CONSERVATION APPROACH – RESULTANT INSTABILITY

As demonstrated by this photo, showing a timber beam hanging in space having fallen out of its notch in the ring beam, all the structural elements holding up the floors, internal walls and providing stability to the external walls had no positive fixings. The historic damage resulted in movement apart of these elements. The floor beams had fallen out of the ring beams in the external walls, so that the floors were hanging in space. In many ways it is miraculous that the floors didn’t fall down into the pub. All that appeared to be keeping them there was plaster – and the memory of where they should be!

CONSERVATION APPROACH – WEATHER INGRESS

Due to the movement, but also the age of the property and a lack of maintenance, the building was rife with timber rot. This was extensive in the roof, but water was also seeping into the vaults and basement from the surrounding earth. The building was therefore damp from top to base. A Timber Damp Surveyor located the damp and advised the remedial strategy for treatment of the Listed fabric and/or replacement of elements that were beyond salvage.

CONSERVATION APPROACH – CONTEMPORARY INTERVENTION

A significant improvement to the pub layout involved moving the WC (previously located in the pub) to the basement, whilst creating a separate entrance to the residential upper floors ancillary to the pub. This involved removing the unsympathetic ground floor concrete slab to the two storey extension to create a new staircase to basement, and separated access to the stairs to the upper floors. A new lantern was installed at the top of the existing stair atrium.

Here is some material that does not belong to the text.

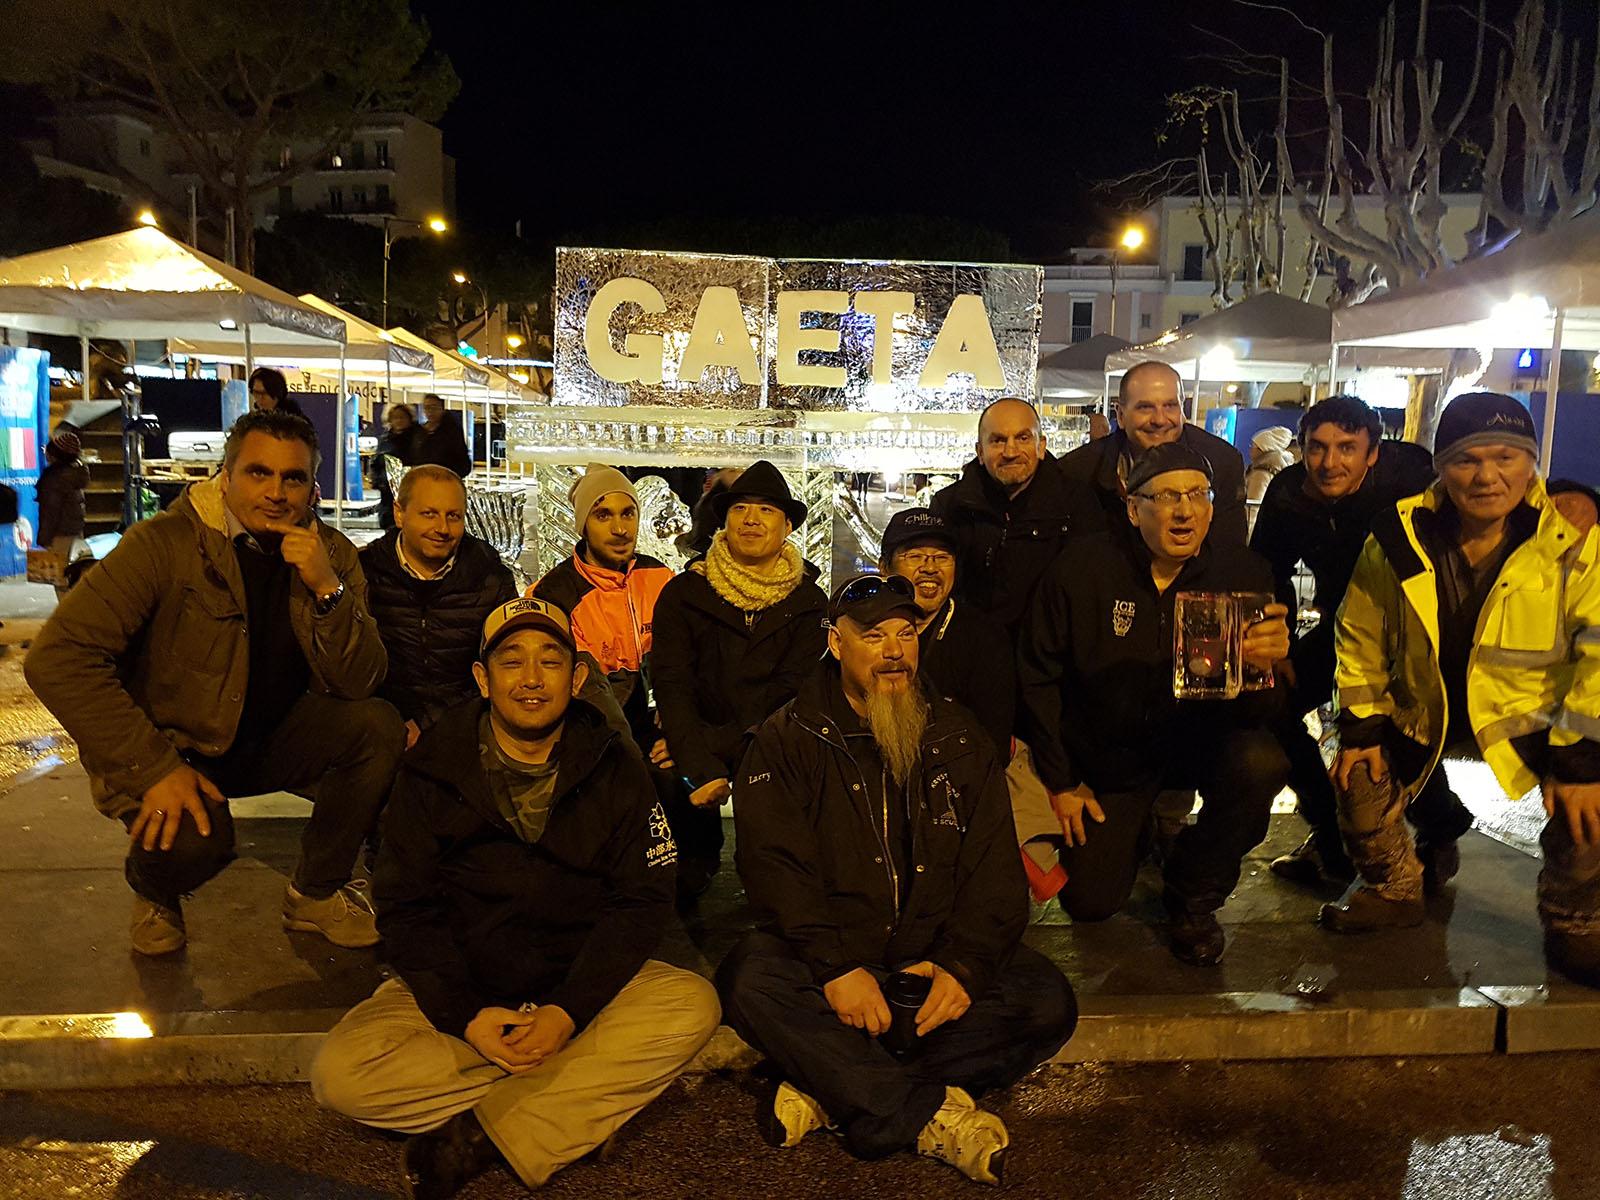 artisti in gara Gaeta 2018 2011 - Ghiaccio d'Arte

CONSERVATION APPROACH – REMEDIAL STRUCTURE

Creating this new circulation strategy was coupled with a Conservation Architecture approach to the remedial works, in order to consolidate the structure. New steel posts and beams were installed to form the structure around the new staircase to the basement, this was then tied into the existing structure under the gable wall. All the existing primary and secondary structural elements throughout the rest of the building were tied together with the use of discreet structural ties and shoes for timber elements, and reinforced concrete strapping to masonry, so as to have as minimal impact on the listed structure as possible.